In this tutorial, we’ll teach you how to compute both the payback period and the discounted payback period in Excel.
If you’ve arrived here from our Youtube channel, click on “Video tutorial and Excel template” section in the Contents box below to download the Excel template.
If you’d like to learn more about the payback period rule and how it compares to the net present value rule, we recommend the lesson below.
Contents
Step 1: Enter the project’s cash flows
We begin with entering the project’s cash flows into the spreadsheet. Let’s assume that we have a 5-year project that costs $11,000 to invest today and that generates annual cash flows of $3,000. And, let’s suppose that the appropriate discount rate is 10%.
As you can see in Figure 1, we have the project’s cash flows on the left hand side and their present values on the right hand side. The former will be used to compute the payback period and the latter to compute the discounted payback period. The present value of each cash flow is obtained by dividing it by (1+10%)t. For example, as seen in Figure 1, the present value of the final cash flow of $3,000 is $3,000 / (1+10%)5.
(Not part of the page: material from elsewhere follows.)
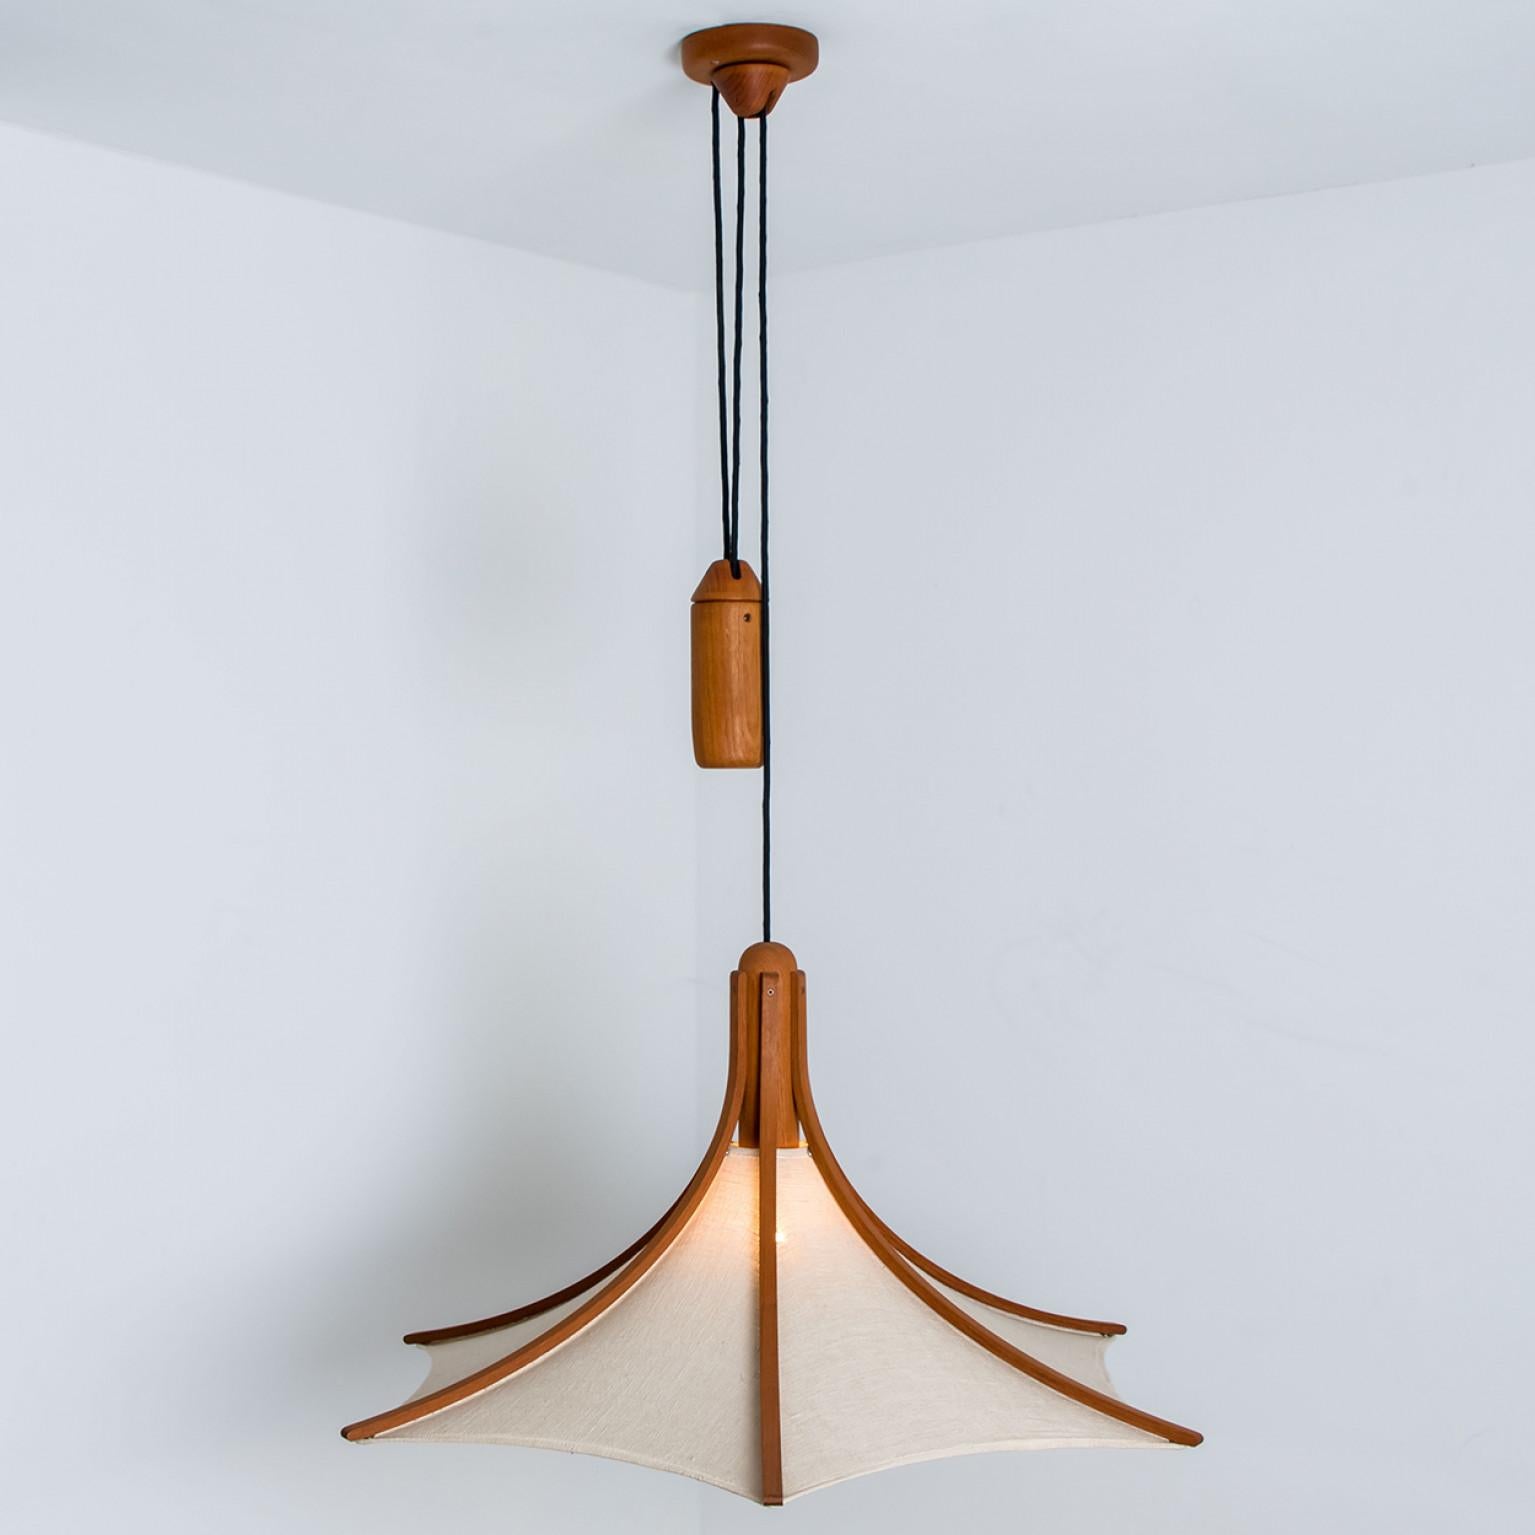 1 of the 2 Wooden Pendant Light with Textile Shade by Domus Germany, 1970s For Sale 7

Step 2: Track the profit/loss for each period
The second step is to create a profit/loss column, which will help us find the point at which we recover the original investment. Specifically, we start the project with a loss of $11,000 after the initial investment outlay. Once we receive $3,000 at the end of year 1, our loss comes down to $8,000 (or $8,273 in present value terms). At the end of year 2, the loss further goes down to $5,000 (or $5,793 in present value terms) and so on.
As seen in Figure 2, each year the running profit/loss is computed by adding the current year’s cash flow (e.g., C8 for year 5) to the previous year’s profit/loss (D7 for year 4).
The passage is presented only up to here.